Чувствуется внутреннее подрагивание атмосферы. Разгорается международный скандал, вызванный решением правительства и президента России построить навигационную станцию на острове Итуруп. Япония, которая считает этот остров своим, заявляет резкий протест и отзывает “для консультаций” посла. США и ЕС в свою очередь выражают обеспокоенность складывающейся ситуацией… В блогах по-прежнему обсуждается манифест “сибирских автономистов”, утверждающих, ни много ни мало, что сибиряки — это совершенно особый, вовсе не русский, народ, цивилизационно иной, исторически угнетенный Московской Россией. В Сургуте взорван памятник Ермаку. В Красноярске организуется Центр по изучению “чалдонского языка”. Предполагается, что на нем будет разговаривать “независимая Сибирь”… Также продолжаются этнические беспорядки на Ставрополье. Петербургский ОМОН, недавно введенный туда, держит нейтралитет. Пользуясь этим, казаки насильственно выселяют всех “пришлых” и завершают строительство укрепполосы, отделяющей “Славию” от Кавказа.

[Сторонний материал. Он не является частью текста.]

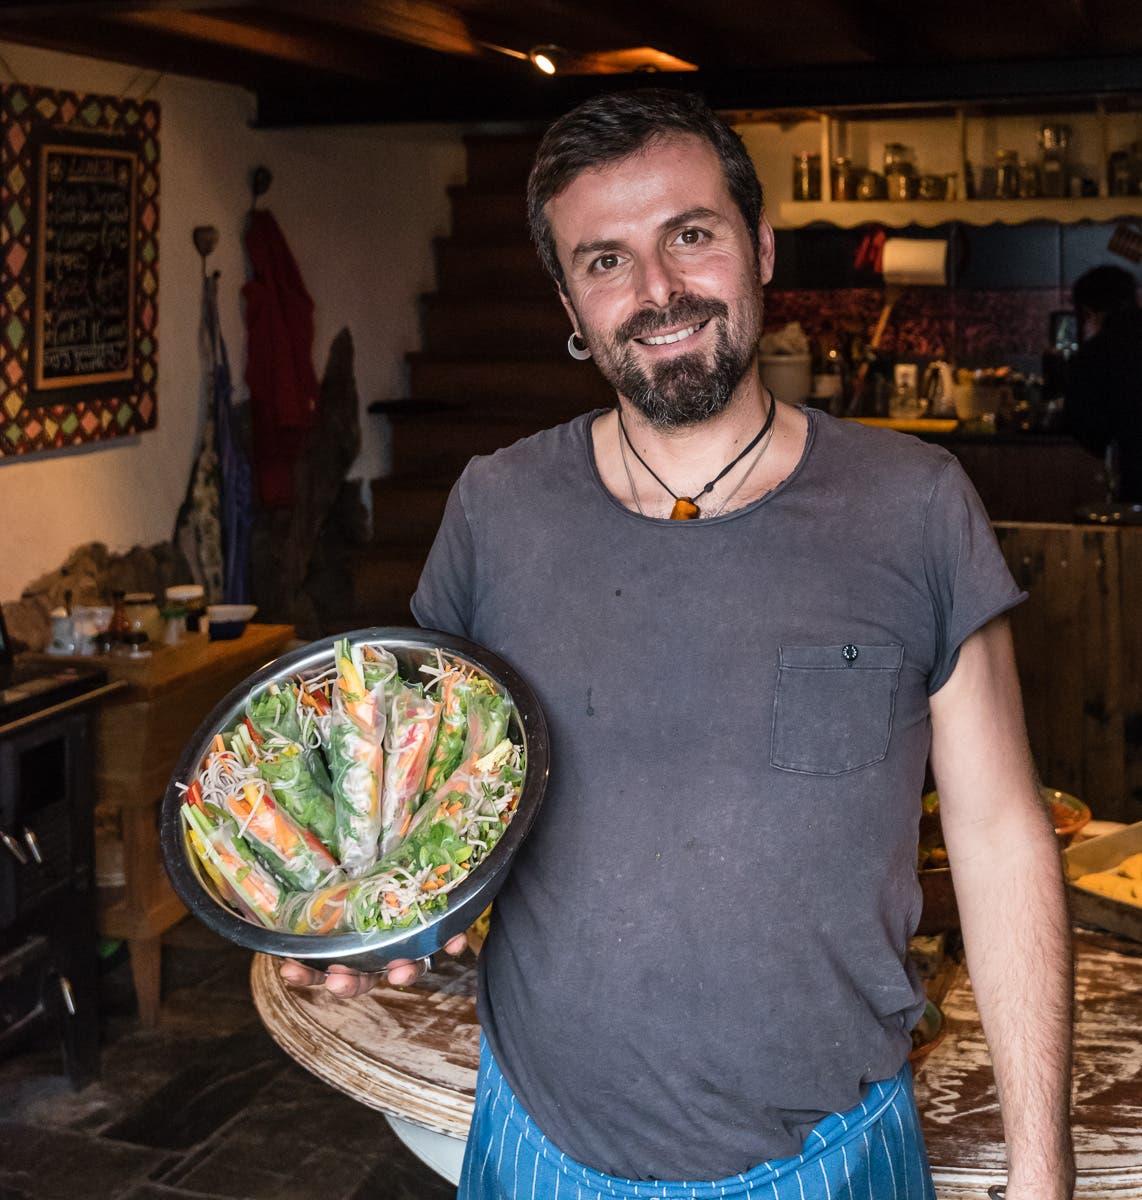 Happy, healthy, holy in Vale de Moses - Clean Eating: Vegetarisch und ayurvisch inspiriert

Однако больше всего эмоций вокруг аварии на европейском газопроводе. Причем, как всегда, абсолютно невозможно понять, что именно происходит. С одной стороны, оглашаются успокоительные реляции МЧС: ситуация под контролем, все необходимые меры приняты, с другой — гуляют по всему Интернету ролики, где запечатлен вал огня, вздымающийся до небес. Его никак не удается локализовать. Эвакуируются населенные пункты, сбрасываются без видимых результатов тонны воды. Совет Европы уже заявил, что это крупнейшая экологическая катастрофа двадцать первого века. По своим масштабам она в несколько раз превосходит прорыв нефти в Мексиканском заливе, и последствия этой трагедии лягут тяжелым бременем на множество европейским стран.

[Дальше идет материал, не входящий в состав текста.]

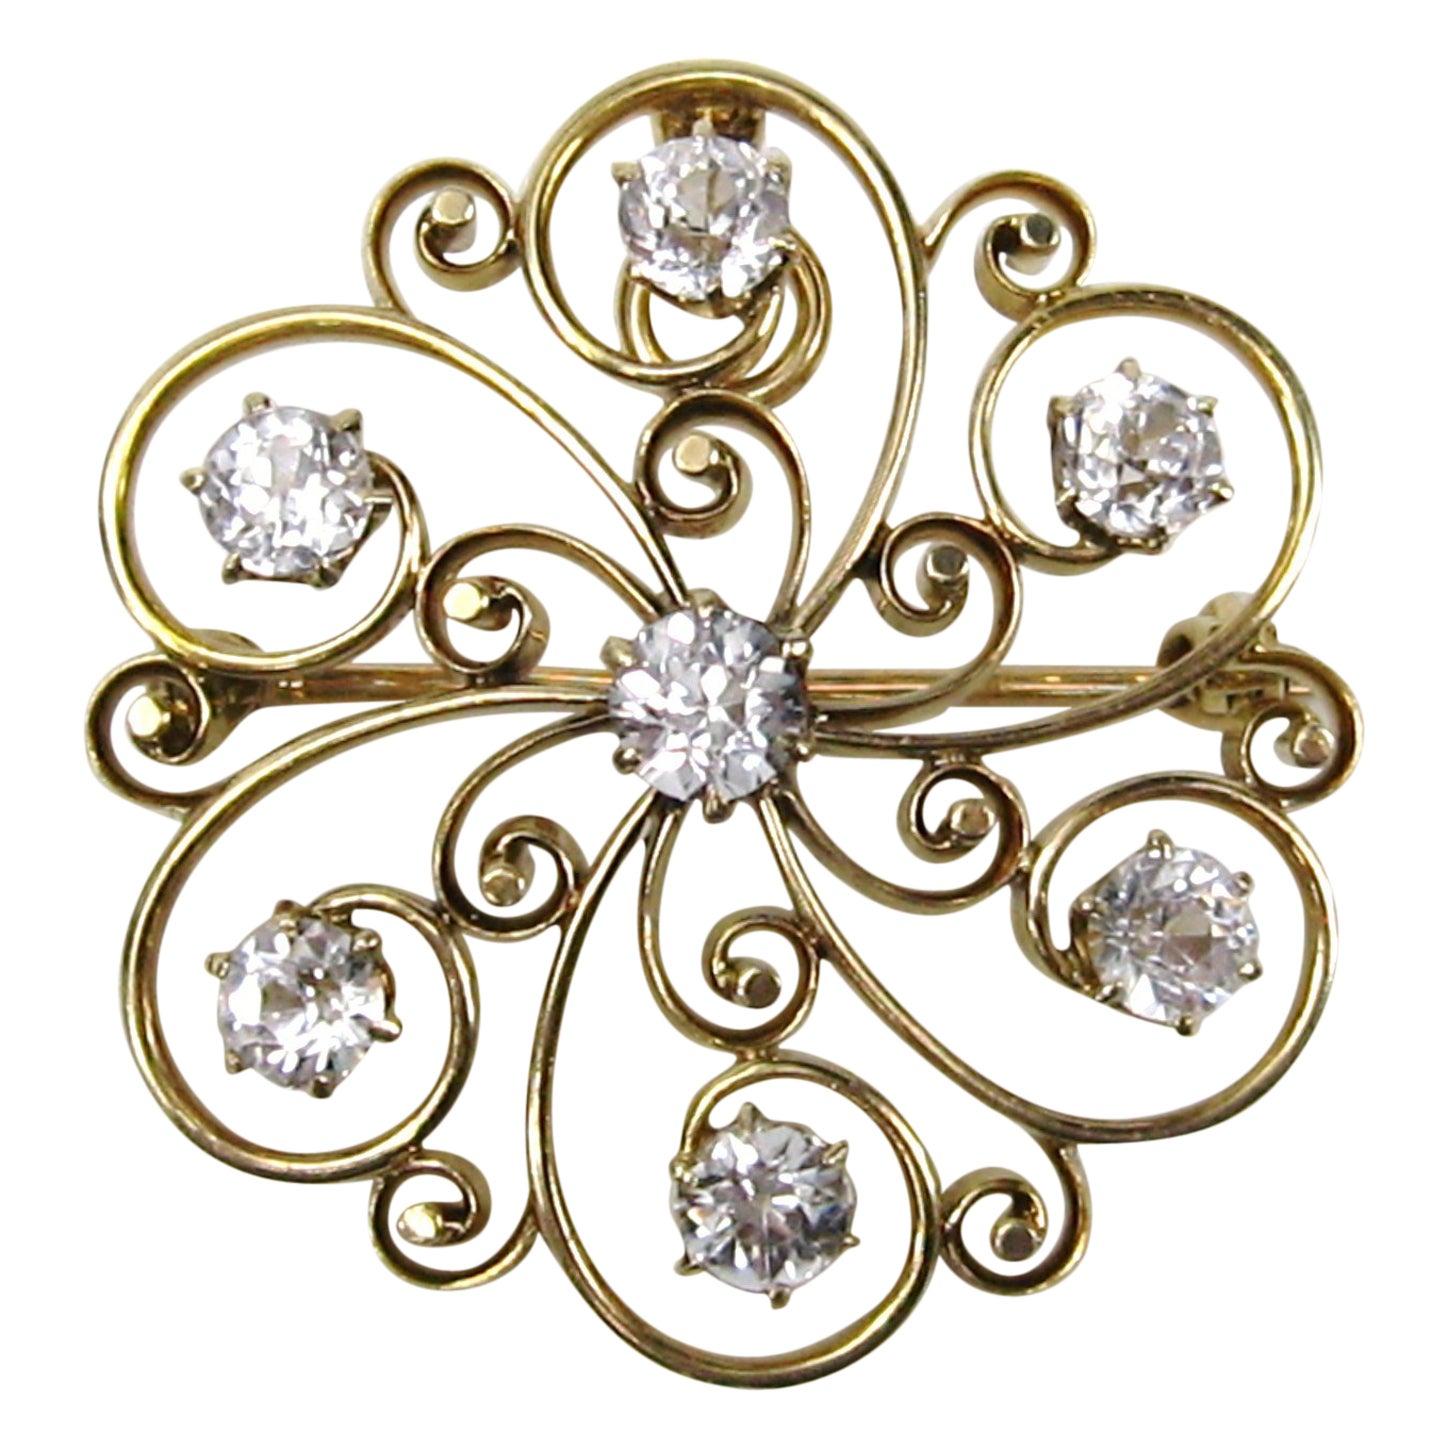 14 Karat White Gold Sapphire Pendant or Brooch Antique

Даже Стана, которая никогда не слушала новостей, и то начинает пугаться. Телевизор она теперь включает чуть ли не каждый час, и лицо у нее после бурного всплеска известий становится пепельно- серым.

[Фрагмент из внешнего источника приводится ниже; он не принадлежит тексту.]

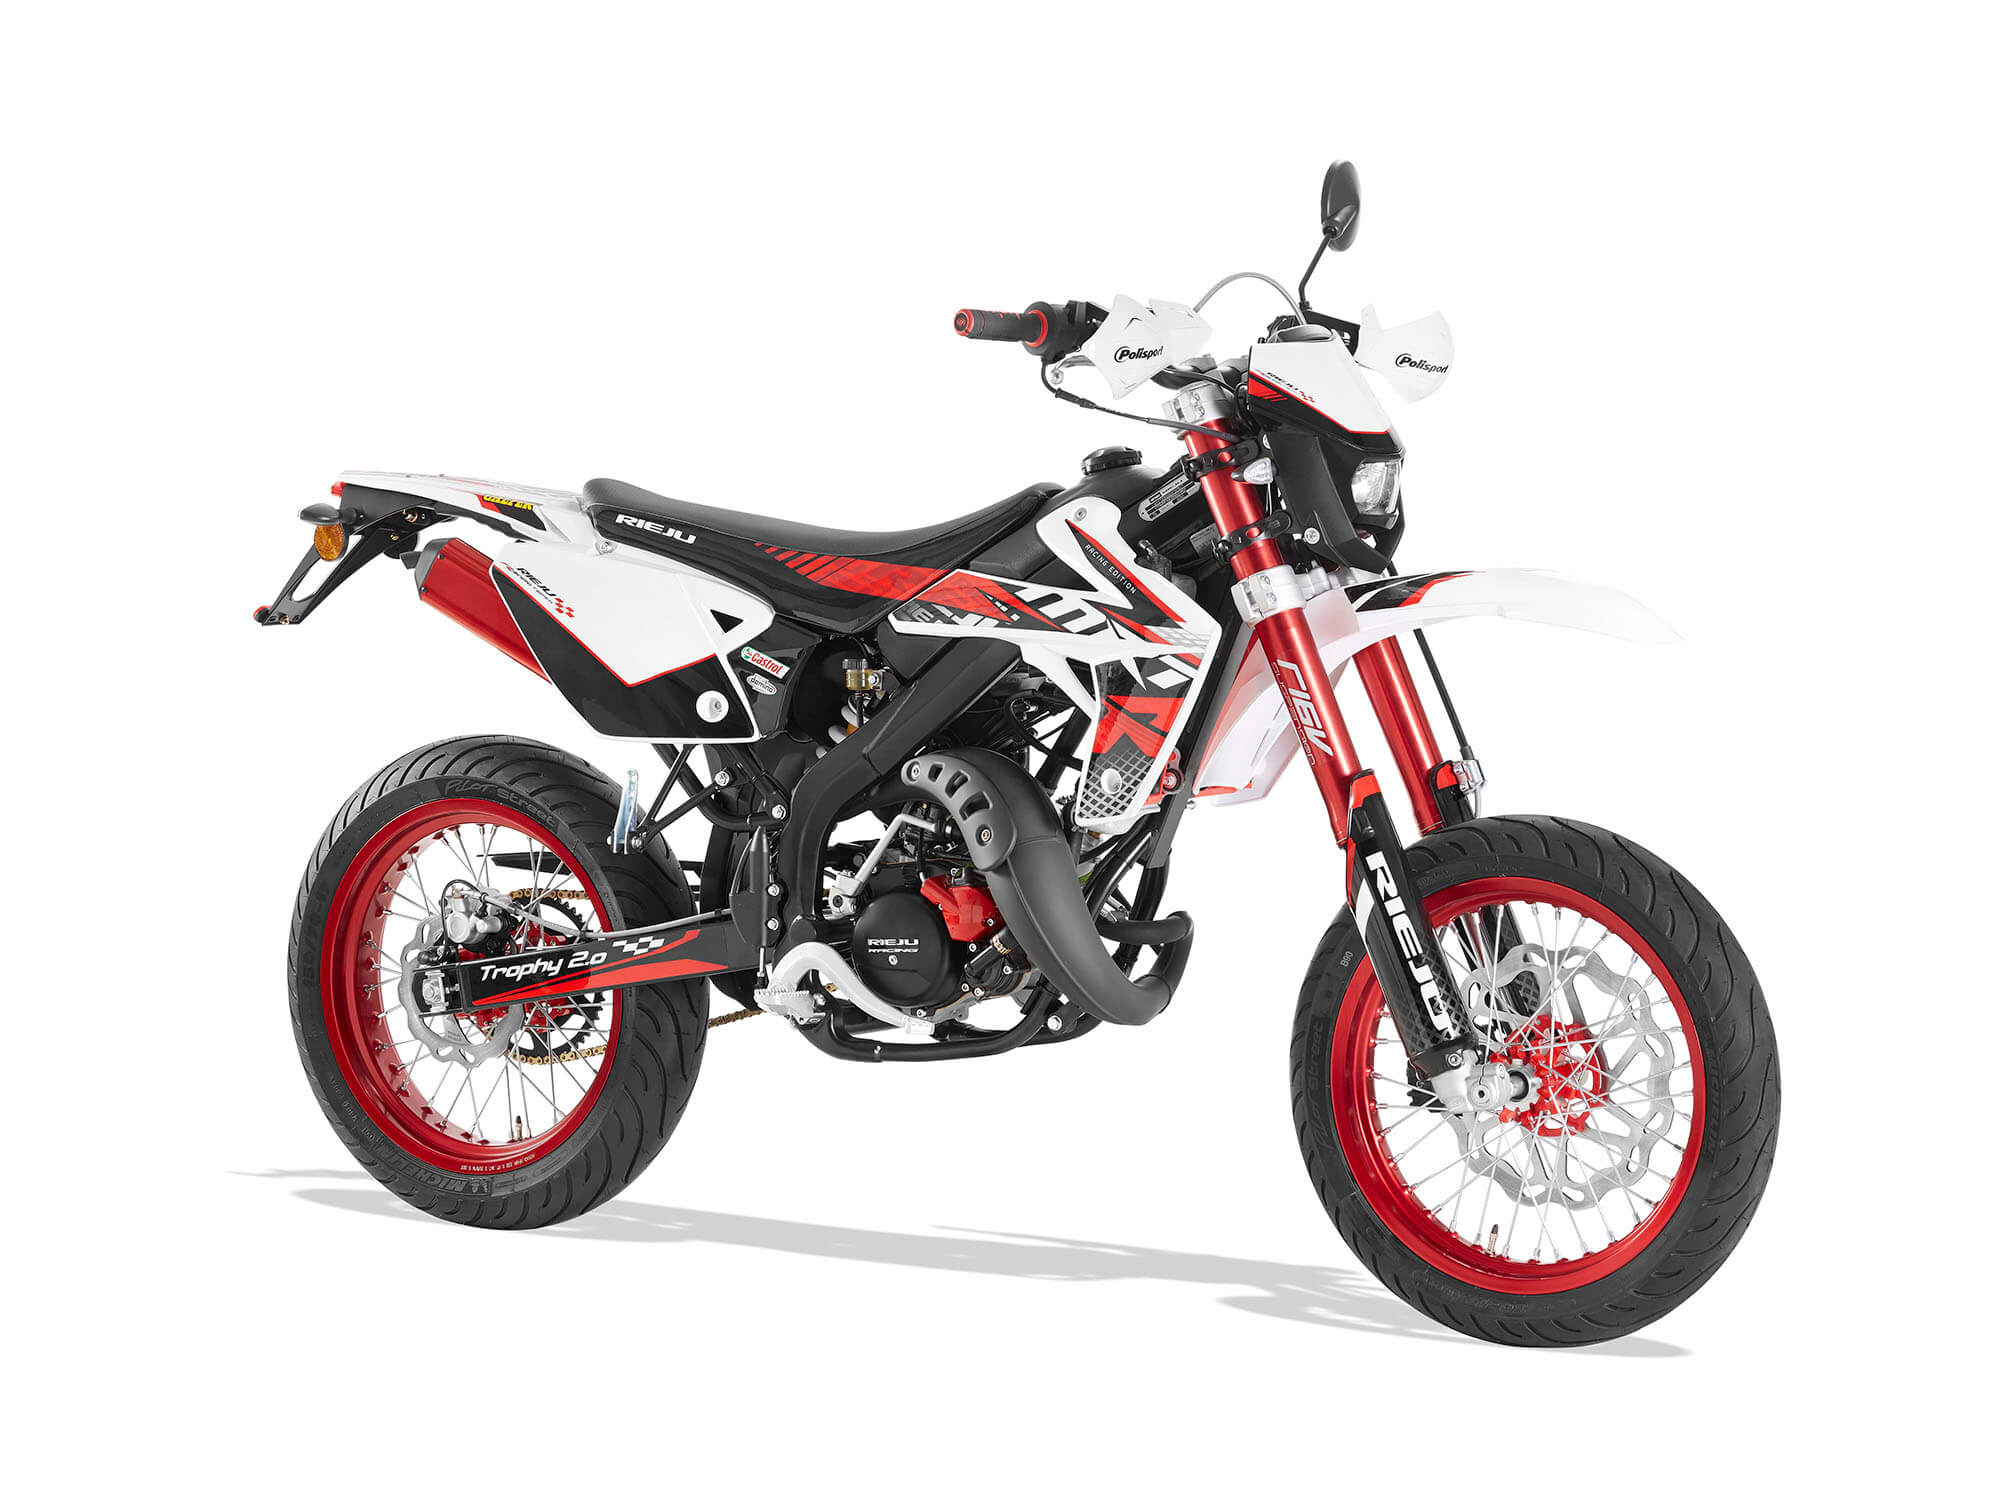 comprar-motos-rieju-mrt-trophy-50-blanco-motissimo-barcelona

Проступают на нем ртутные тени вен.

Она тревожно моргает:

— Не понимаю… Что будет?..

Я объясняю ей, что ничего особенного не будет. Мир живет, как и жил, просто раньше ты не обращала на это внимания. А в действительности все это было уже и полгода, и год, и полтора года назад. В том-то и дело, что, по существу, ничего не меняется. И японского посла уже отзывали, это, помнишь, когда президент позапрошлой весной посетил Курильские острова. И манифесты разного рода печатали, и памятники всяческие взрывали. А этнические столкновения… ну, ты, видимо, подзабыла уже бунт футбольных фанатов в Москве. И даже шум, поднятый в связи с аварией на трубе, тоже был во время знаменитых “газовых войн” с Украиной. Каких только заявлений тогда не делали! И что? Изменилось хоть что-нибудь? Как жили, так и живем… В общем, не переживай из-за пустяков…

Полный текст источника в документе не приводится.